Collection entries:
____
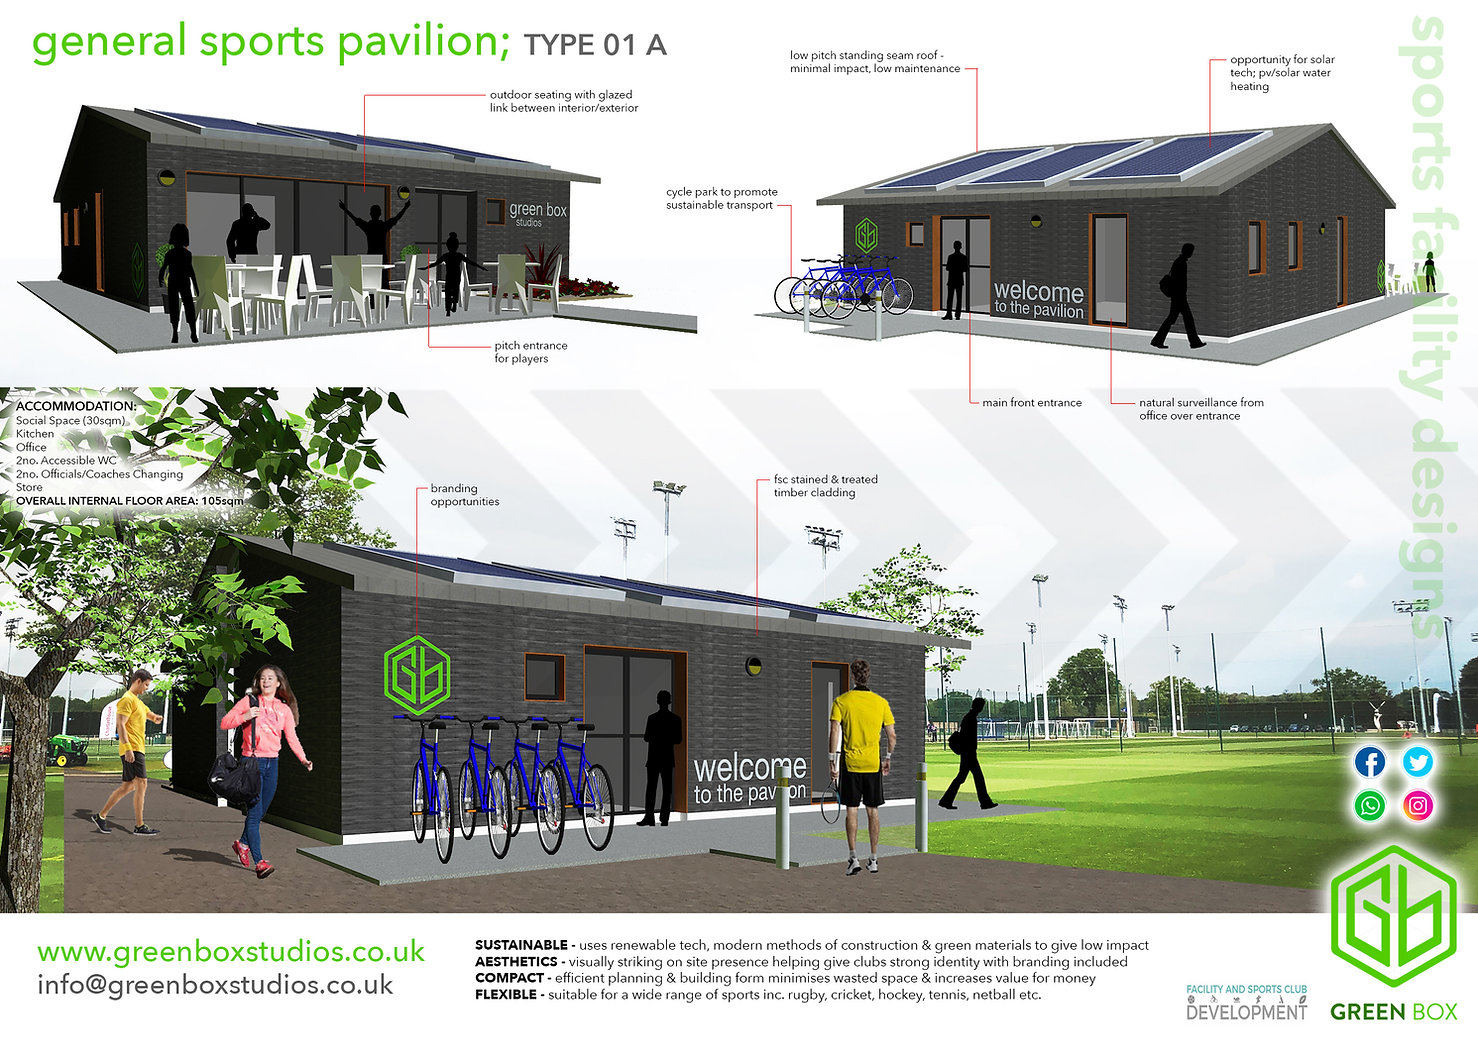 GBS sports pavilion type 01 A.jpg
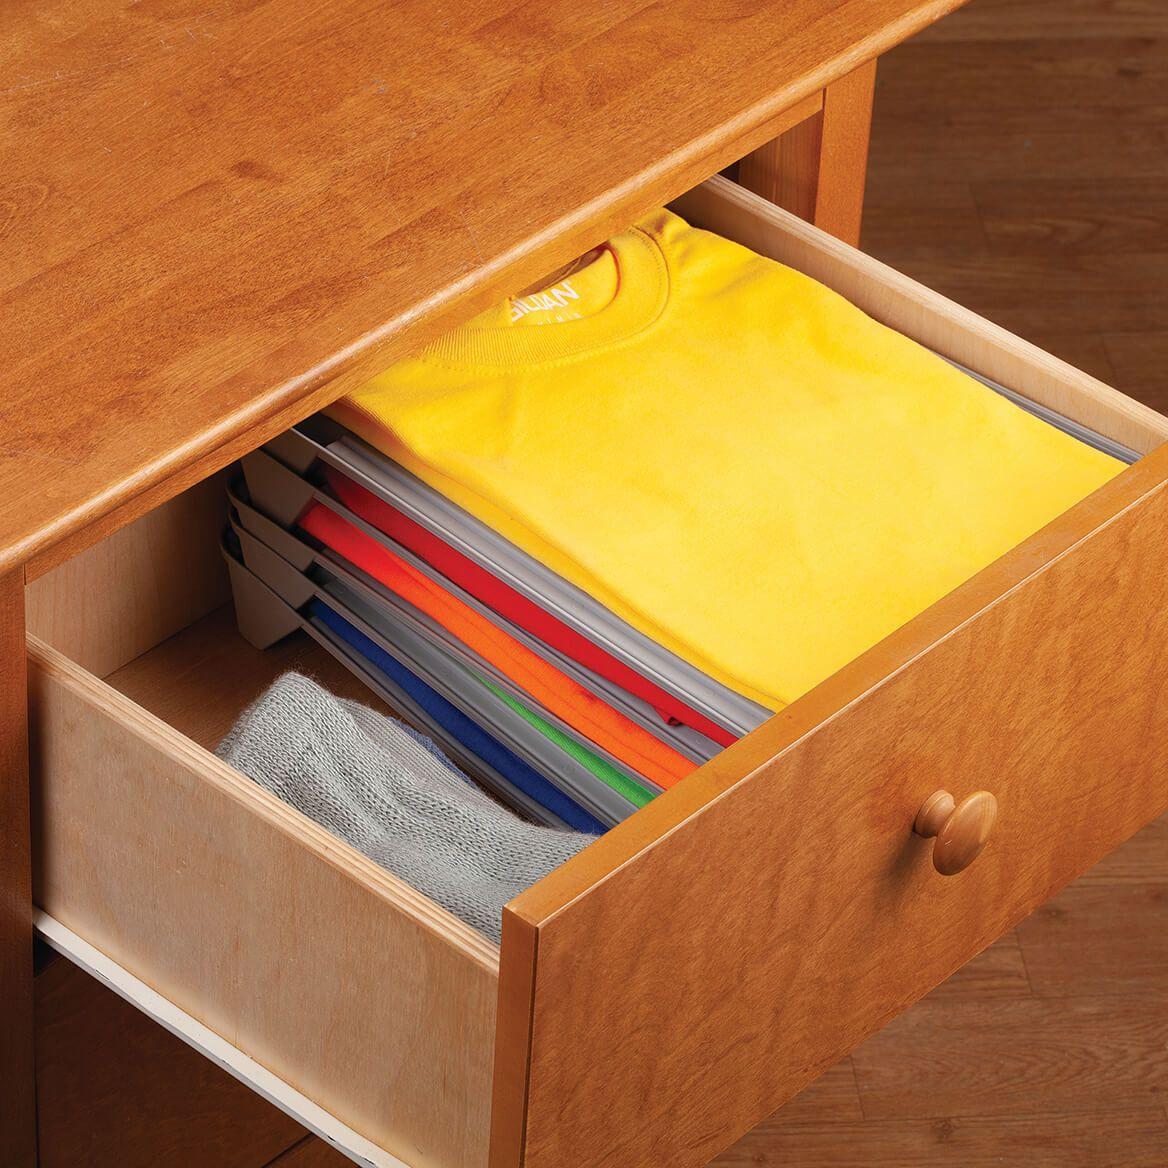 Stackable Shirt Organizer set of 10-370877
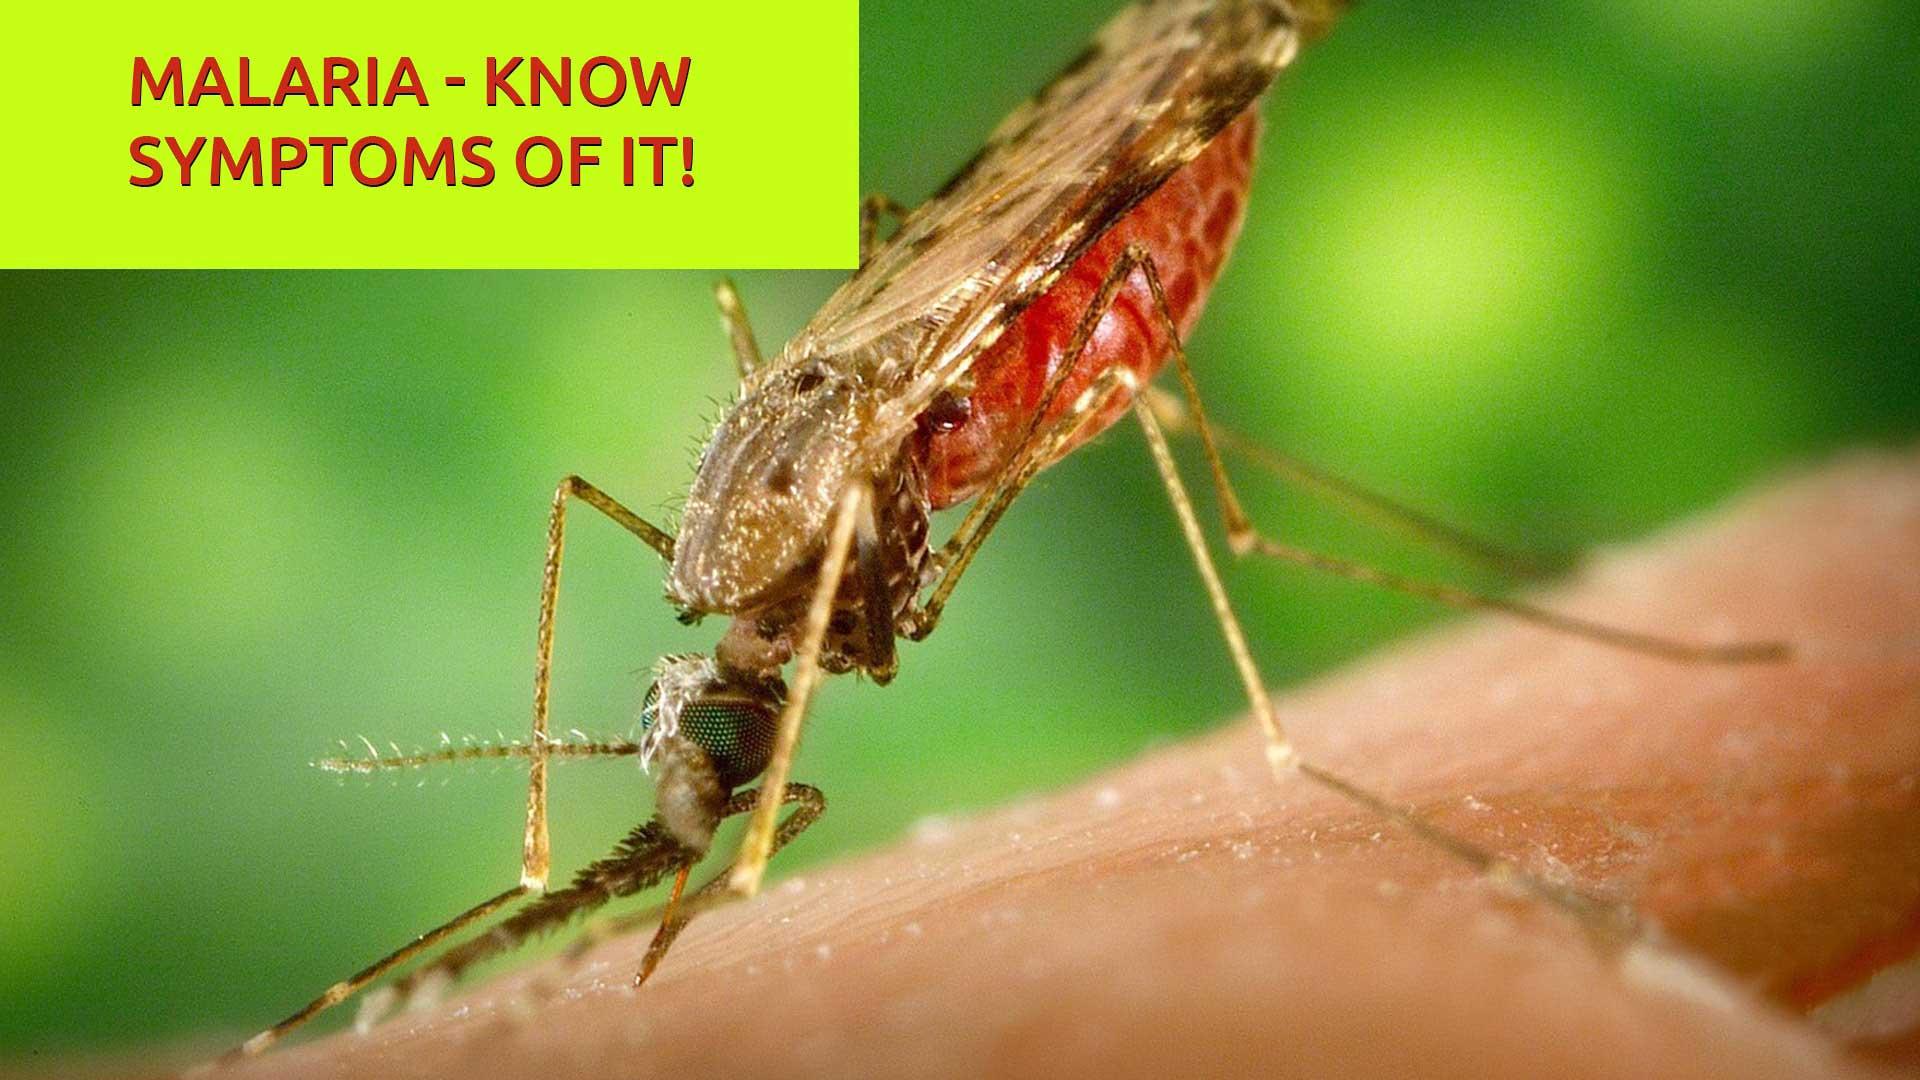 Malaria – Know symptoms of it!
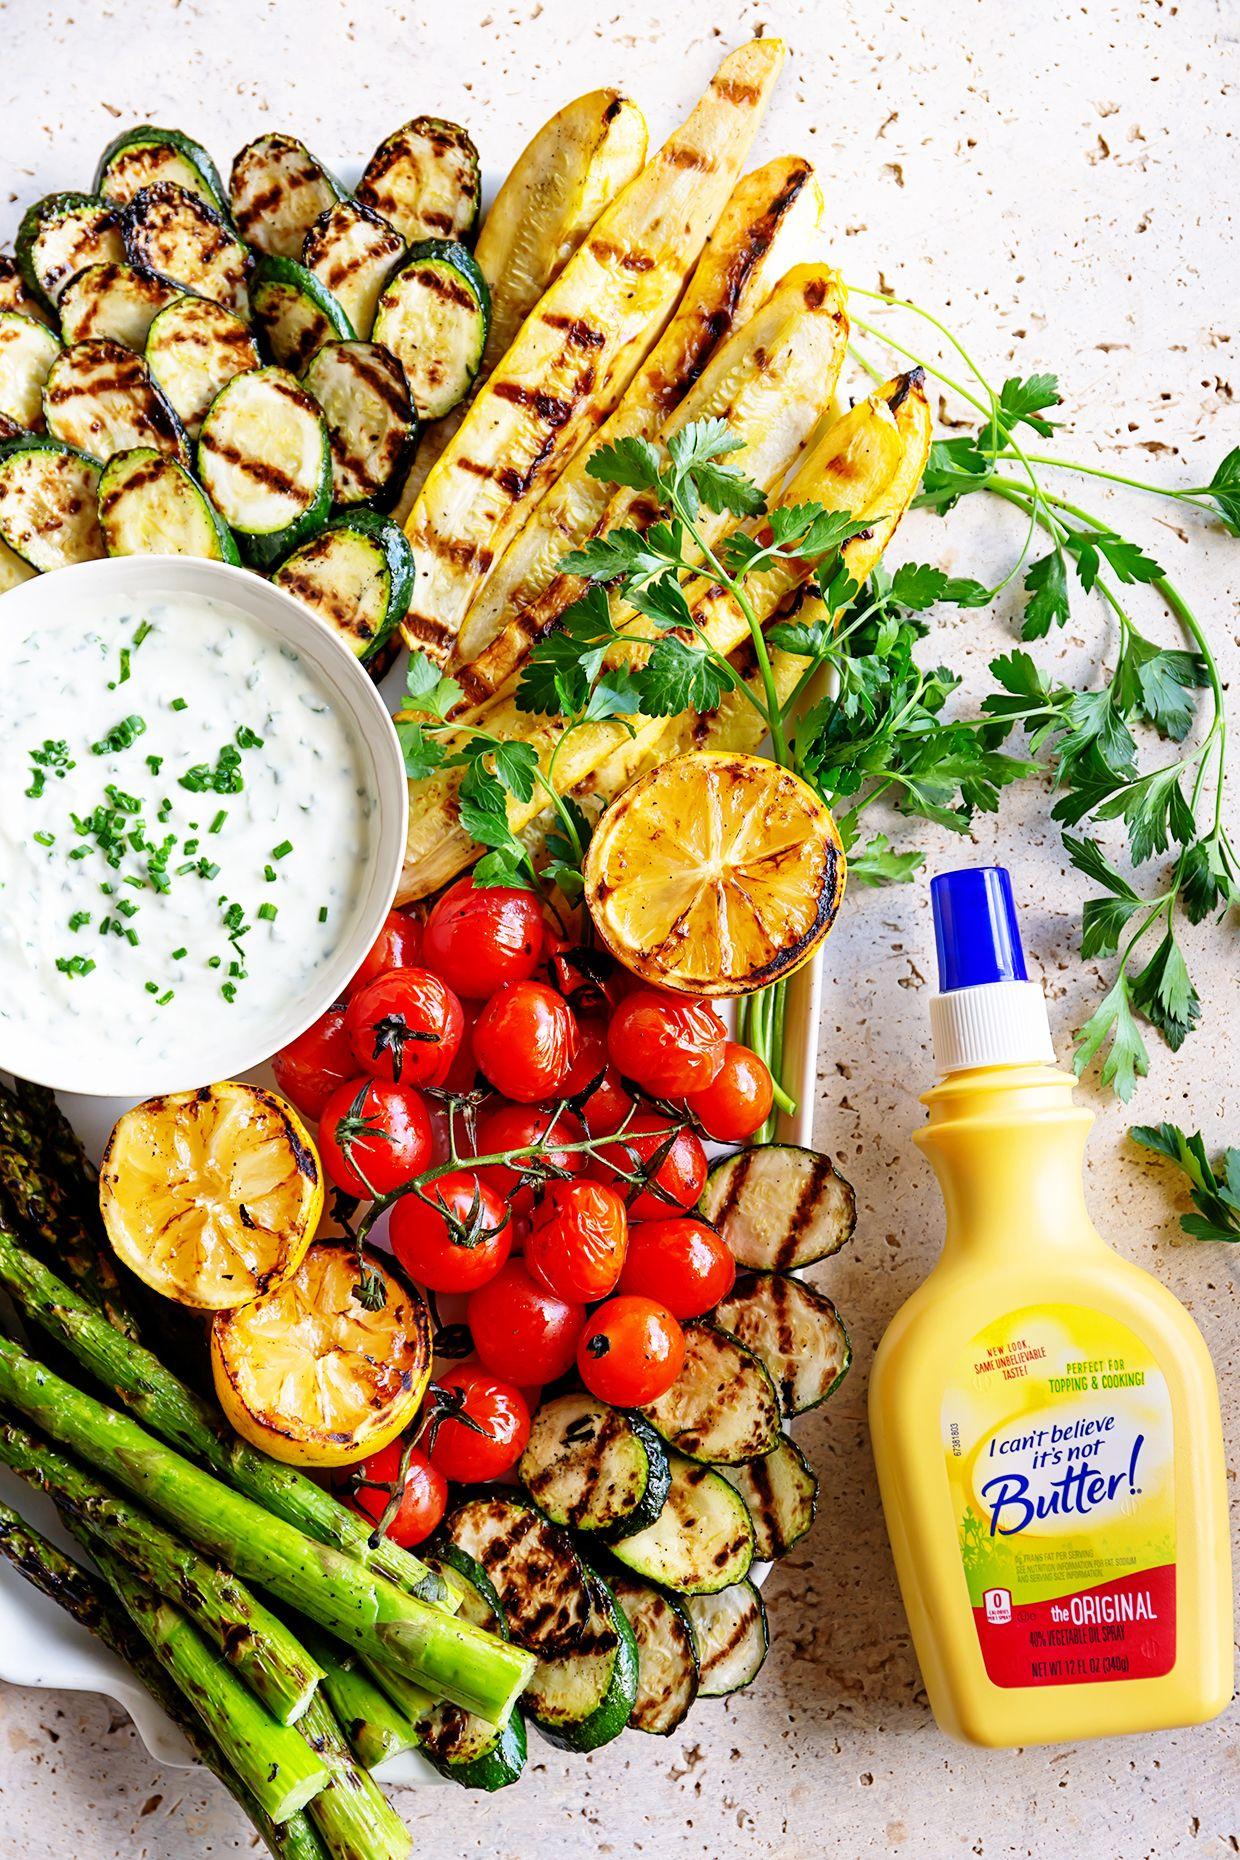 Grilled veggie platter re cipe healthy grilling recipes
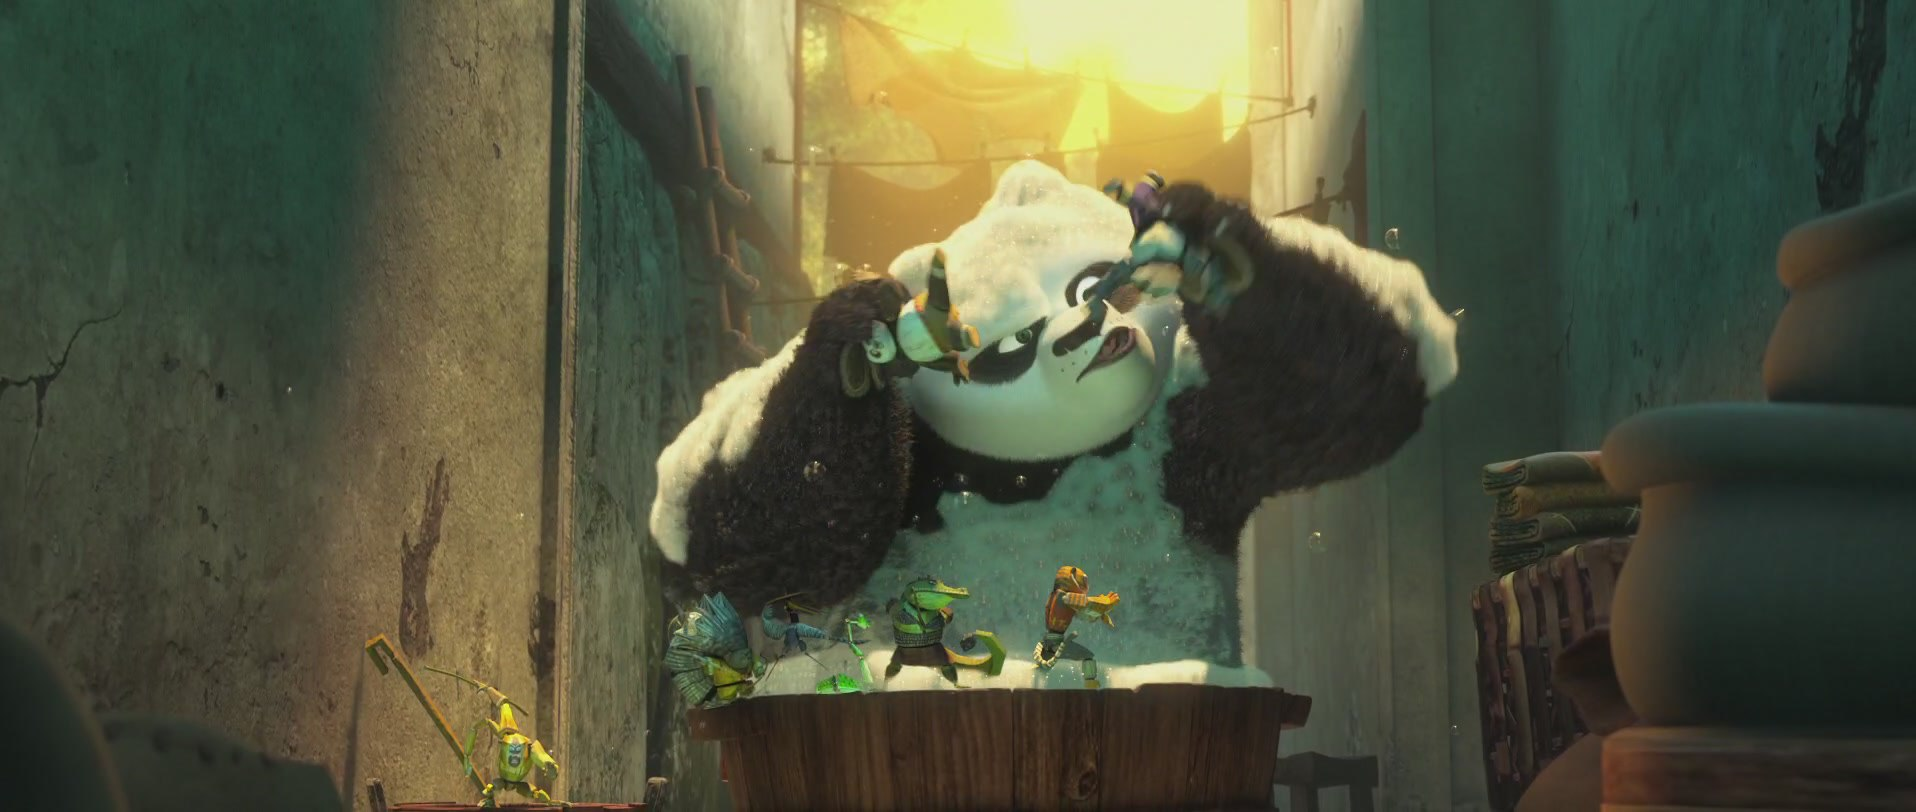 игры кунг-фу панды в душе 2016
____
TASK DIRECTIONS: Quote every record above exactly, omitting any pictures they contain.

SOLUTION FOR THIS TASK:
 GBS sports pavilion type 01 A.jpg
 Stackable Shirt Organizer set of 10-370877
 Malaria – Know symptoms of it!
 Grilled veggie platter re cipe healthy grilling recipes
 игры кунг-фу панды в душе 2016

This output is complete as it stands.